Edward Wayne Edwards (June 14, 1933 – April 7, 2011) was an  American serial killer. Edwards escaped from jail in Akron, Ohio, in 1955 and fled across the country, holding up gas stations. By 1961, he was on the FBI's Ten Most Wanted Fugitives list.

Edwards was captured and arrested in Atlanta, Georgia on January 20, 1962. After he was granted parole in 1967, Edwards murdered at least five people between 1977 and 1996, and he is suspected of several additional killings.

Background
Edwards was born in Akron, Ohio in 1933. In his autobiography Edwards wrote that he grew up in an orphanage, and that he was abused both physically and emotionally by nuns there.

Edwards was allowed out of juvenile detention to join the U.S. Marines, but he eventually went  and was dishonorably discharged. He traveled frequently during his 20s and 30s, working assorted jobs such as working as a ship docker, vacuum cleaner retailer and handyman.

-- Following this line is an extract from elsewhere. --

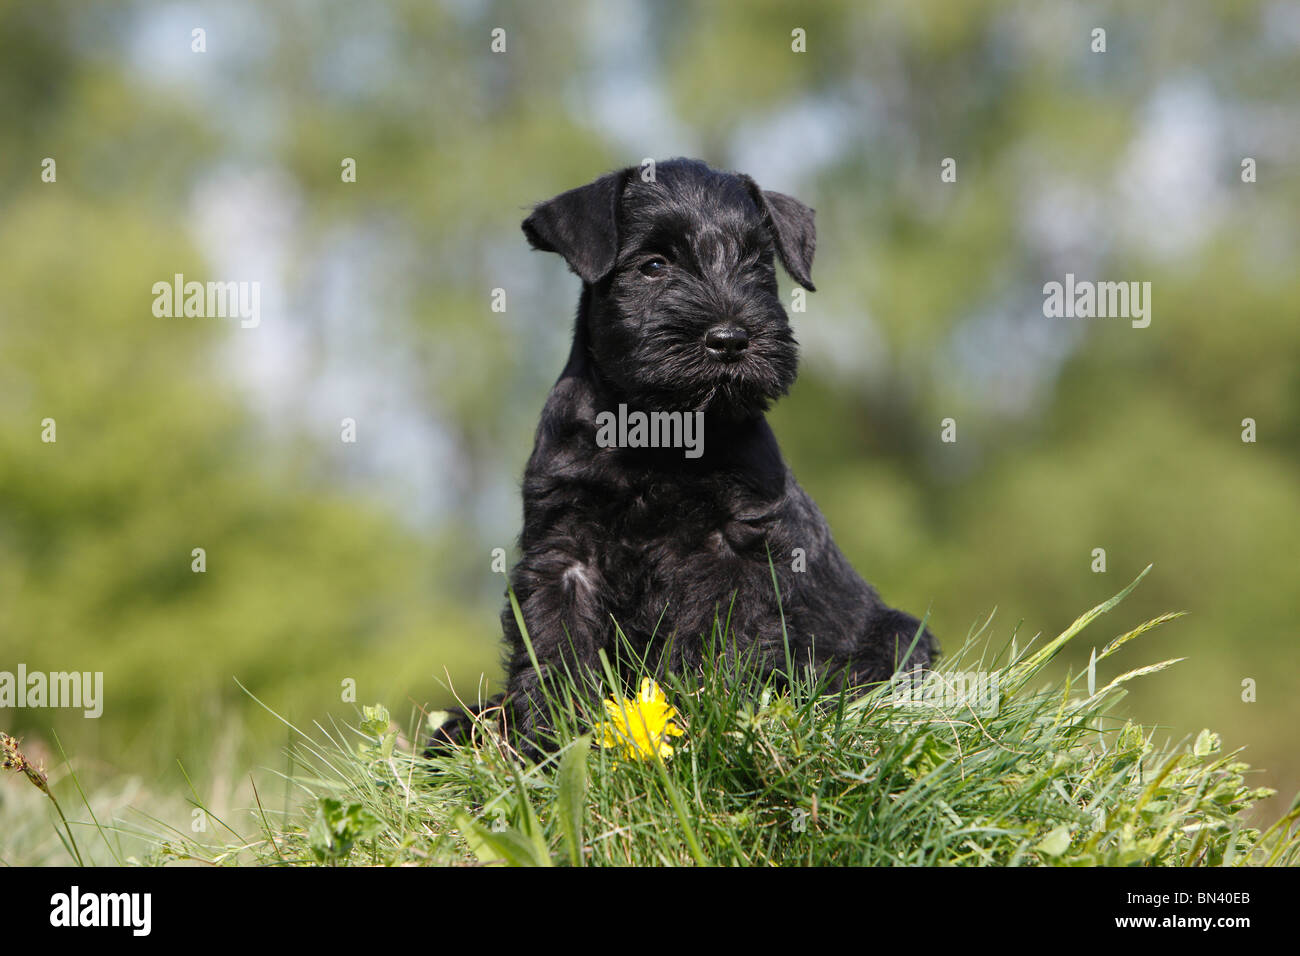 Miniature Schnauzer (Canis lupus f. familiaris), puppy sitting in gras, Germany Stock Photo

In 1955, Edwards escaped from a jail in Akron and drifted around the country robbing gas stations. He wrote that he never disguised himself during these crimes because he wanted to be famous. He was placed on the FBI's 10 Most Wanted list in 1961. After his 1962 capture, he was imprisoned in Leavenworth, from which he was paroled in 1967. Edwards claimed that the influence of a benevolent guard at Leavenworth reformed him. He married and became a motivational speaker.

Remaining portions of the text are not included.